Очередная волна понимания захлестывает меня. Волна паники. Машина-убийца, так говорил Льюис. Я не сомневалась в этом, когда была маленькой. И не очень умно сомневаться в этом сейчас.
В моей комнате убийца.
– Из-звини, – бормочу я, растеряв всю храбрость. Трусиха года, не иначе. Слайзер, ага, со слайзером я могла справиться. Но не с этим. Не с ним. Не с кем-то умным, говорящим, мыслящим и отравляющим мой слух ненавистью.
– Я не знала. Я не думала... со всеми этими, э... превращениями и... о, Господи.
Я вижу, какой он внезапно огромный, заполняющий все поле зрения, зеленый, презрительный и чудовищный. И вижу, как он закатывает глаз.
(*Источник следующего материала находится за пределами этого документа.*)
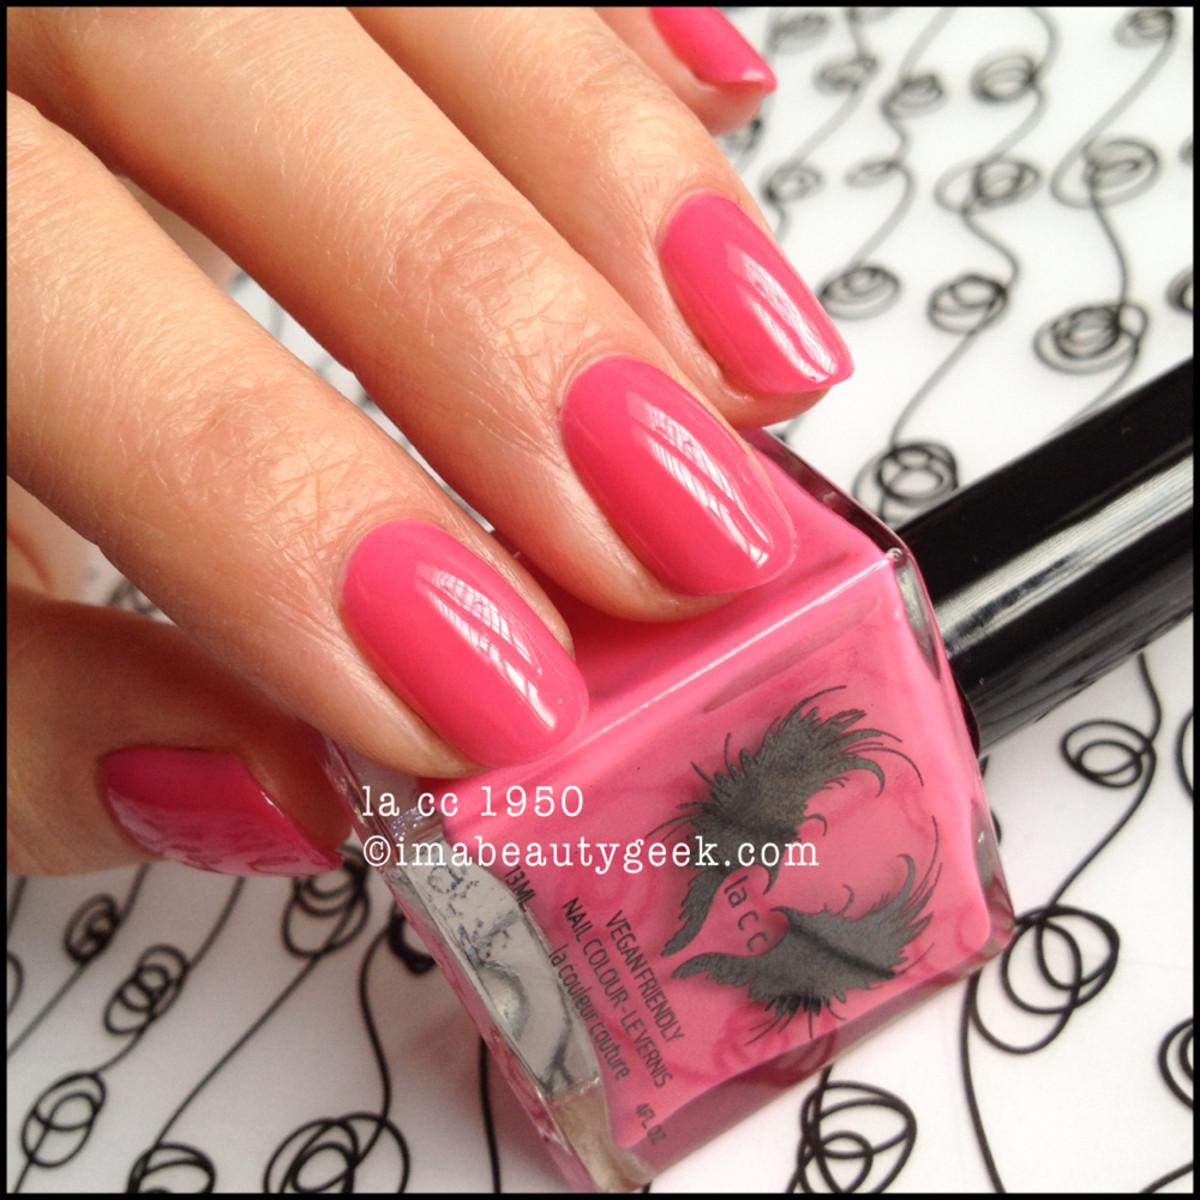 lacc polish 1950 Beautygeeks

– ЕСЛИ БЫ Я ХОТЕЛ ТВОЕЙ СМЕРТИ, – трещит механический голос, – Я БЫ ДАЛ СЛАЙЗЕРУ УБИТЬ ТЕБЯ.
Я долго и упорно смотрю на него. В его взгляде есть что-то стальное. Его лицо, каким бы ужасным ни казалось, выглядит древним, старым. Оно повидало гораздо худшую дрянь. Он не станет возиться со мной. И не лжет. Я с трудом сажусь. Он дело говорит.
Тишина. Далек, потому что да, это именно он, протягивает пару щупалец и обхватывает стакан. На стекле остаются густые полосы слизи. Я ошалело наблюдаю, как он играючи поднимает его и тянет к себе. Неожиданно становится виден его рот, прячущийся между двух щупалец. Далек делает глоток, и его тело раздувается. И снова, победив страх, меня охватывает благоговение, совсем как в детстве. Он делает это с такой легкостью! Это как следить за улиткой, которая ест салат – немного противно, но ужасно интересно. И мой страх чуть-чуть отступает. Я сижу напротив кошмара из моего детства, и миллиард вопросов квантовыми частицами бомбардирует мой мозг. И что самое удивительное – облегчение, потому что я жива.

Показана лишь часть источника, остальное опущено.